When Raphael died at the age of 37, he had accomplished a real oeuvre. He had also established his own personality while leaving unchallenged the authority of Leonardo, on one hand, and Michelangelo on the other. And who was the academic authority when the Pre-

Raphaelites were at school? That ineffectual President of the Royal Academy, Sir Martin Archer Shee. The Pre-Raphaelites may have been the first rebels of modern art but their rebellion succeeded against a soft local target.

Looking again at Raphael, in the National Gallery of Scotland's small but telling exhibition, I sense that his first years qualify him as a Pre-Raphaelite himself. He had a charm and elegance inherited from the quattrocento, and a pure and dreamlike vision of the next or a departed world. Outside Scotland, one painting proves this: the small Vision of a Knight in London's National Gallery. This picture was bought for the nation in 1847, just when the original Pre-Raphaelites were students in the same building that housed the new national collection.

I insist on this point because it now appears that the PRB could have learnt from its reviled predecessor. Especially it could have learnt about colour. The pictures in Edinburgh have recently been cleaned, and this refurbishment emphasises that colour is the most interesting thing about them. This is not to ignore their drawing or the new-found and often consummate detail, just to say that Raphael's palette looks both odd and perfectly immutable, as though no other tint or hue could possibly have been used.

Timothy Clifford, Director of the National Gallery of Scotland, believes that Raphael's freshly demonstrated palette shows that he had a sense for colour akin to perfect pitch in music. Wrong.

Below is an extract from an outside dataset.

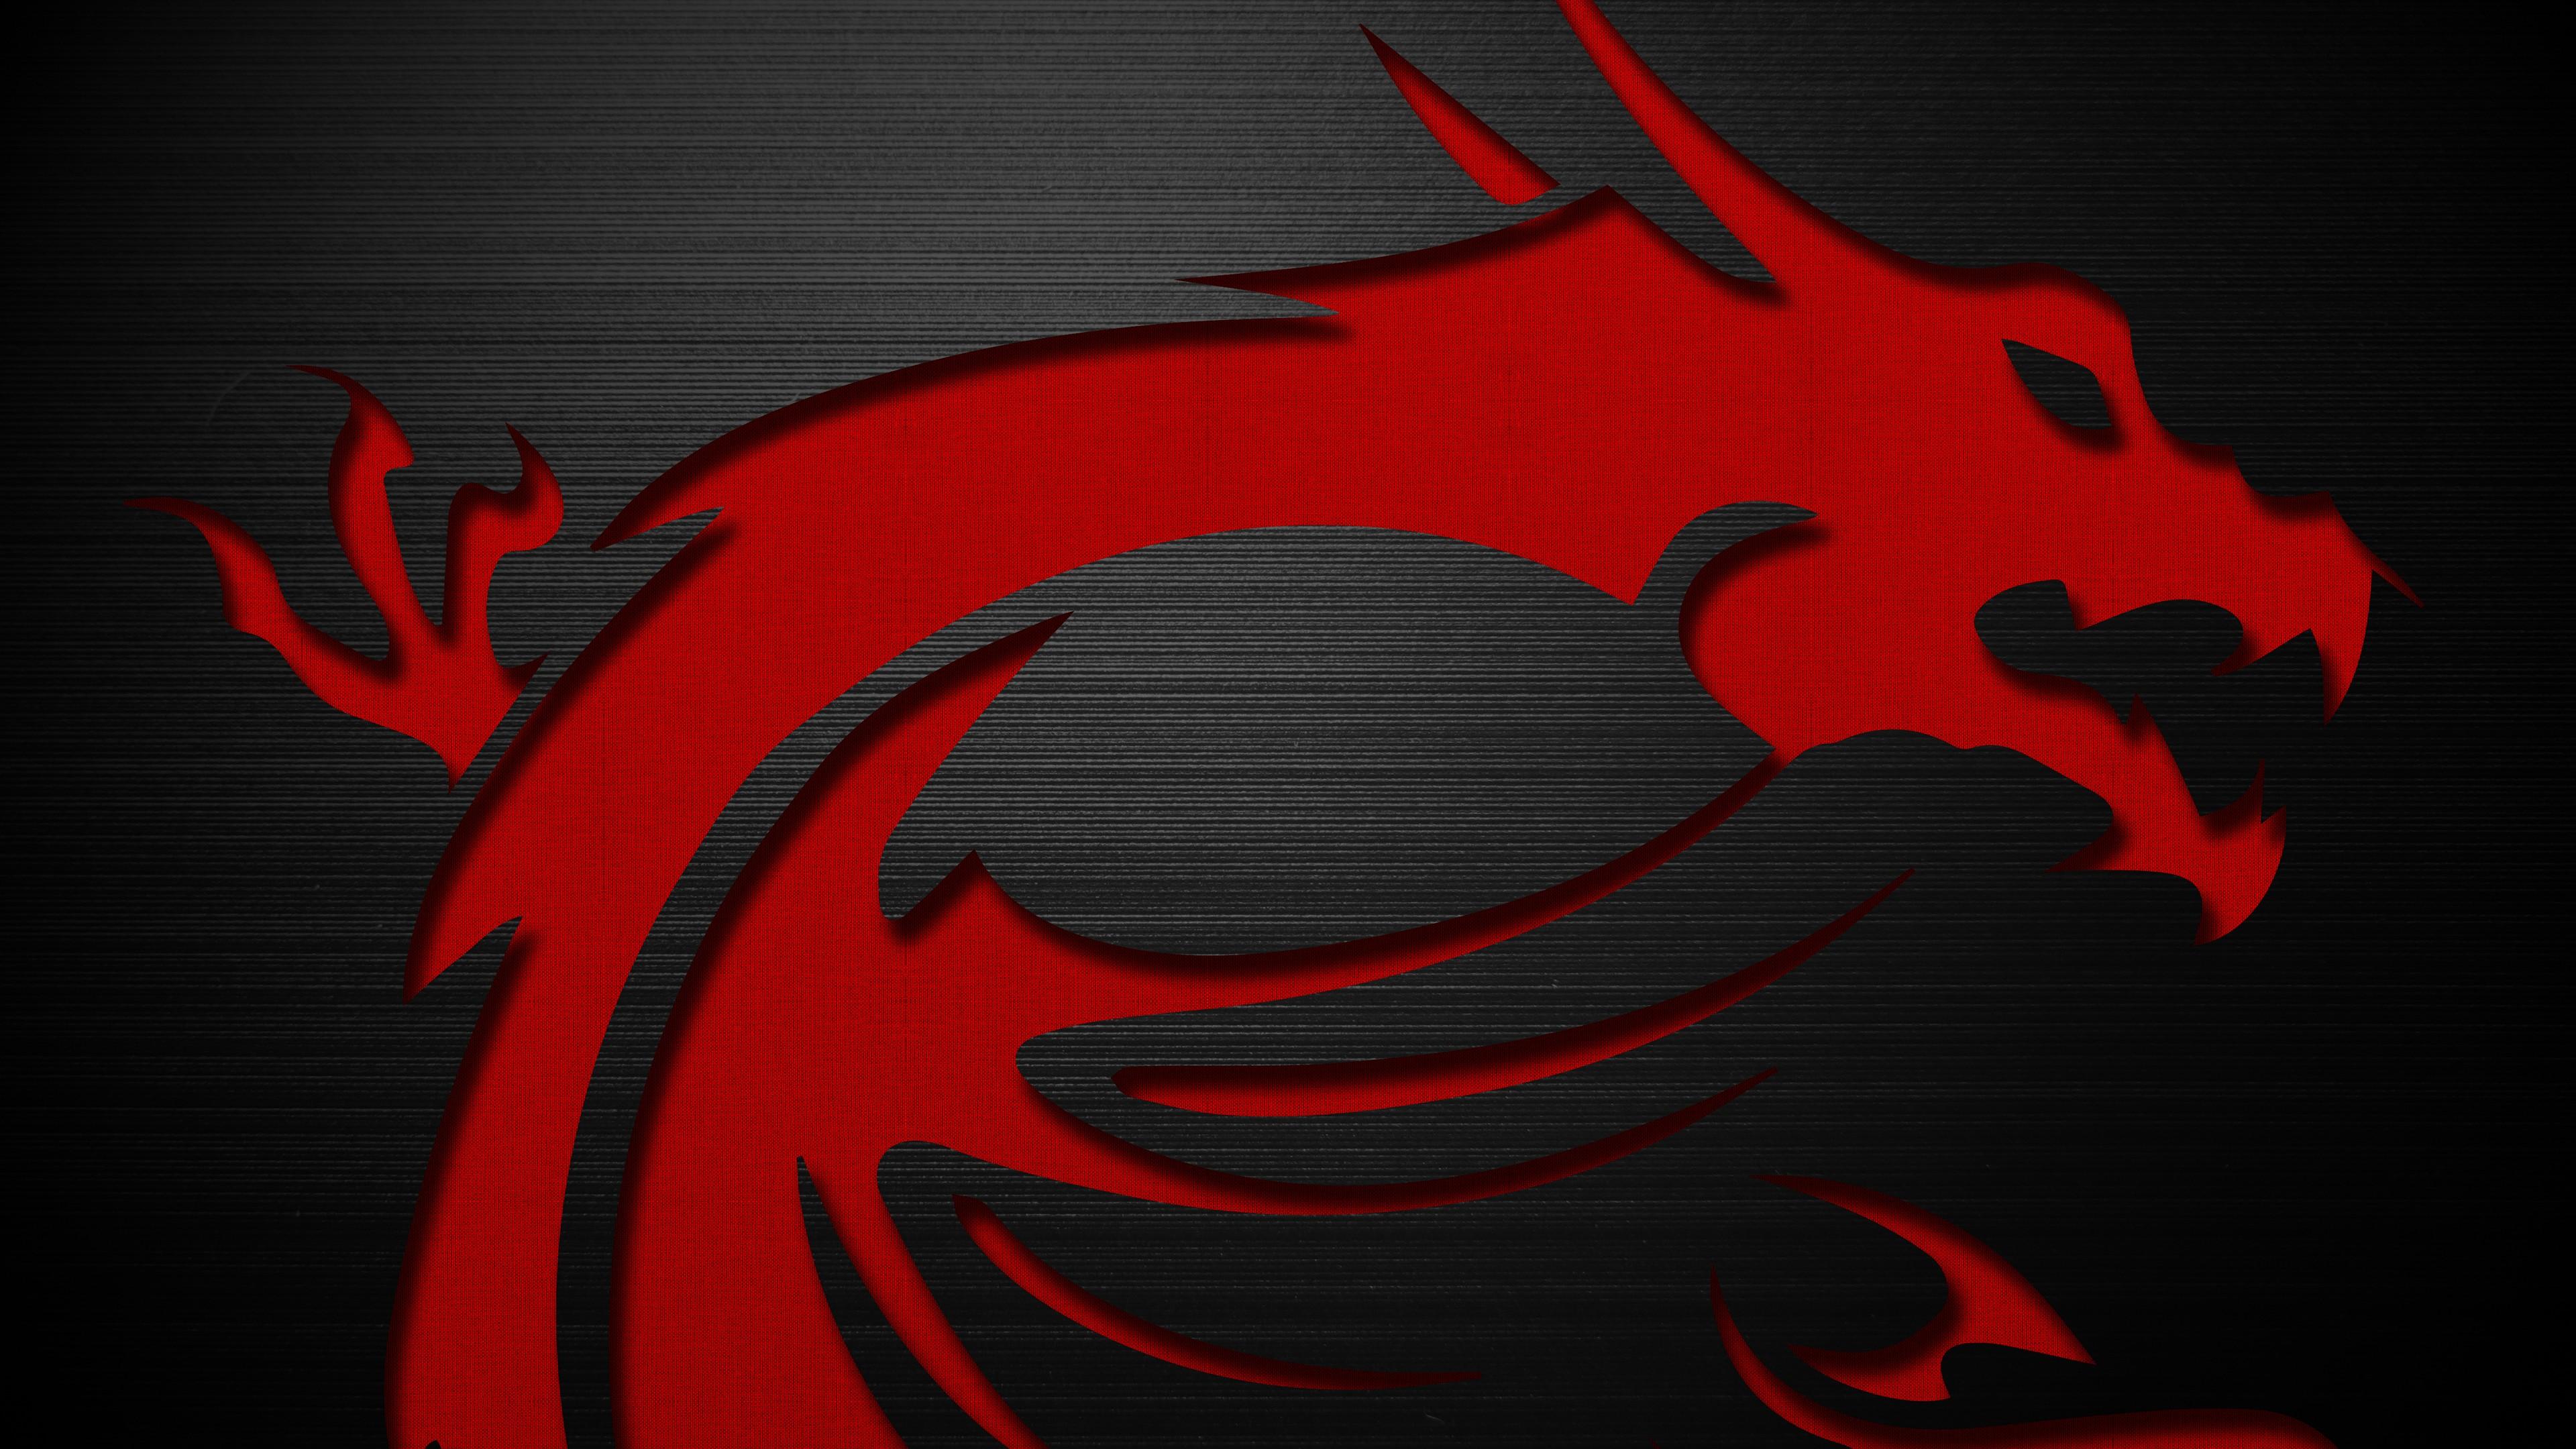 Top Wallpaper Logo Dragon - illustration-red-logo-dragon-texture-technology-MSI-PC-gaming-hardware-ART-fictional-character-font-74659  Trends_22960.jpg
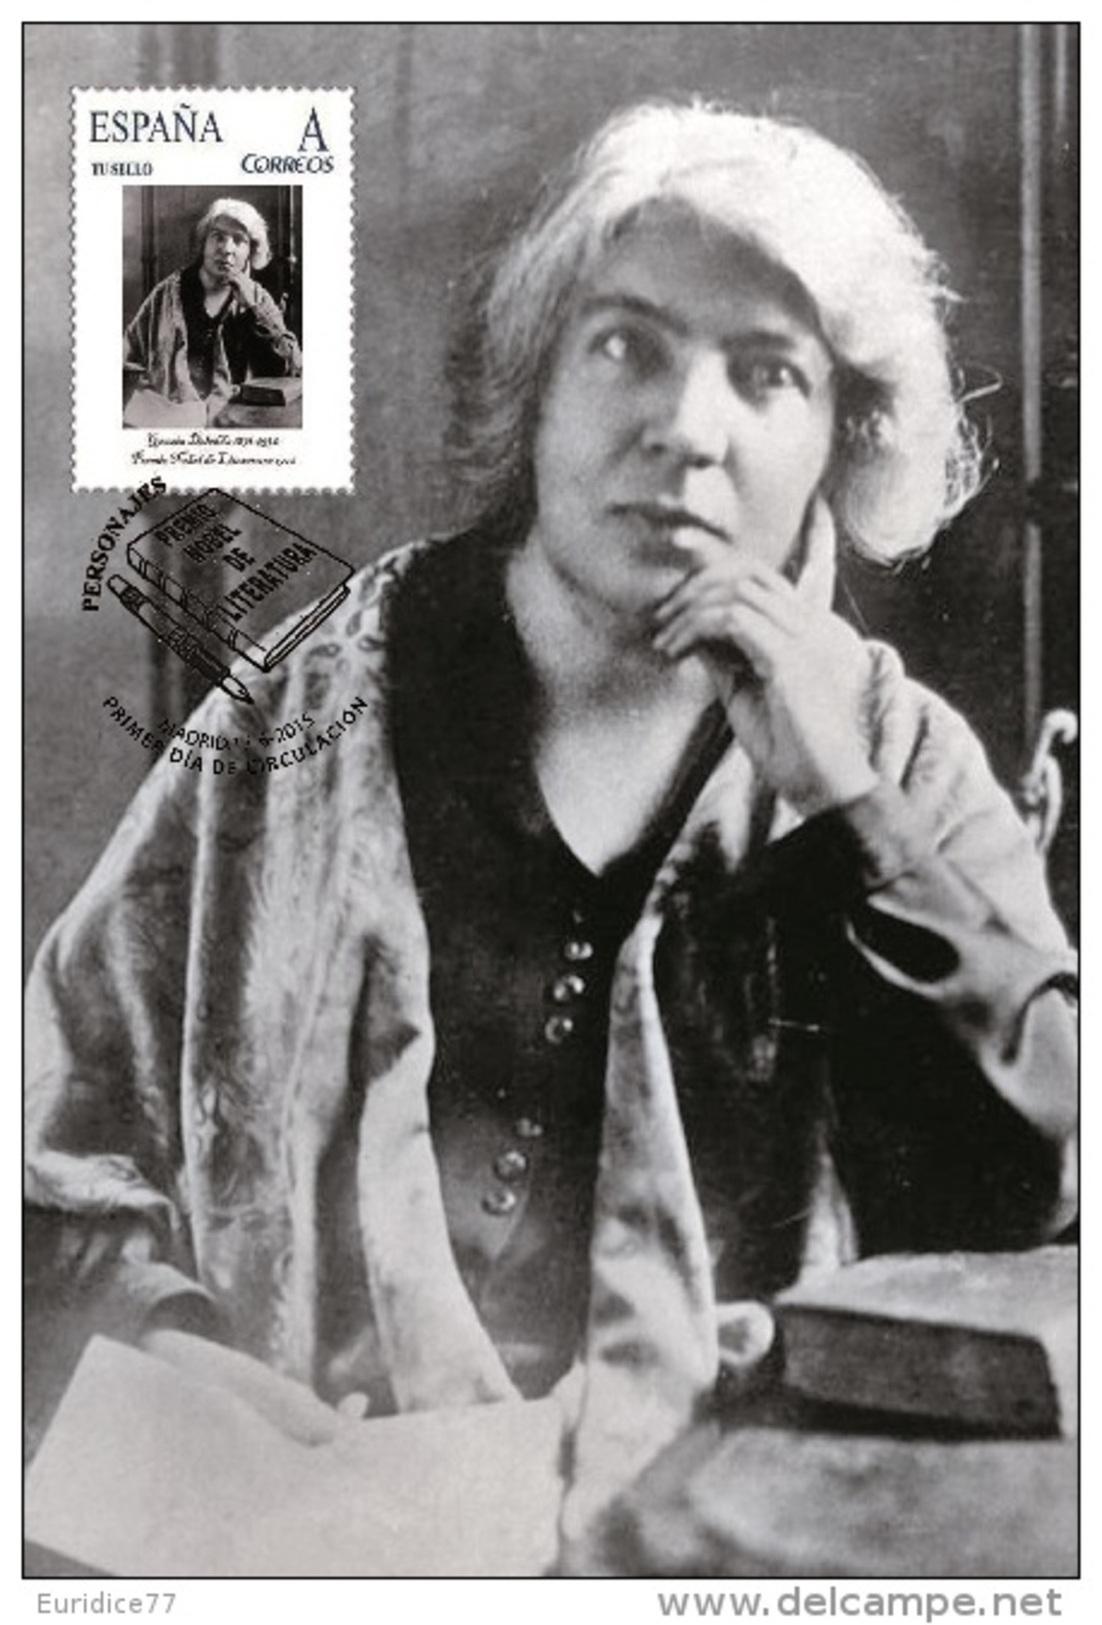 Spain 2015 - Nobel Prize 1926 - Literature - Grazia Deledda/Italy Maxicard - Prix Nobel

The vibraharpist Milt Jackson has perfect pitch but that's not what makes him a great musician. Pitch is pretty well constant through the ages, colour sense varies according to its parent culture and the instinct of an individual painter.

Despite the absurdities of his regime in Edinburgh, I applaud Clifford for shows such as the present display (free to the public, as is the gallery itself). He genuinely, not as a matter of routine piety, likes the Old Masters, including their often overrated drawings. The fact is that the toffs' museum in Edinburgh can do a number of things beyond the capacity of its populist rivals in Glasgow. 'Raphael: the Pursuit of Perfection' is itself an exhibition that looks for perfection. It is recondite and asks for a connoisseurship that few visitors will wish to learn. But anyone who looks at it for any time will be convinced by its dignity, scholarship and air of museological authority.

Realising that such qualities don't excite the average punter, let me say how beautiful Raphael's paintings are. His was not the greater mind, but in purely visual terms he was a better artist than Leonardo. Young Raphael gravitated from his native Urbino to grand Florence in 1504. There he saw and was impressed by Michelangelo and Leonardo. Impressed but not cowed. The most immediately wonderful - though not the most memorable - of the paintings in Edinburgh is the Madonna of the Pinks. This is the panel not long ago recognised as a possible Raphael by Nicholas Penny of the National Gallery in London. He found it in a dirty condition in the castle of the Duke of Northumberland. Cleaned, it shows how Raphael depended on Leonardo yet leapt away from him. I think that a new sense of colour generated the younger man's picture, but see also how Raphael gathered to his painting a light from the early Renaissance that Leonardo's gloomy feelings tended to subdue.

Compare, also, Raphael's cartoon with cartoons by Leonardo. Raphael's cartoon drawing of a Madonna is so much more healthy than anything comparable by Leonardo. This sheet by Raphael is a little too large for its final aesthetic effect. It could be that his genius was for smaller rather than larger paintings. Miniaturists can always do stranger things with colour than muralists, and they get away with their risks and discoveries just by painting small. The Edinburgh exhibition poses rather than solves such questions - but how interesting it is, and how delicate and sexy are some of Raphael's red chalk drawings. He had a lot more to him than Ruskin ever imagined, or perhaps was willing to see.

National Gallery of Scotland, Edinburgh (031-556 8921) to 10 July.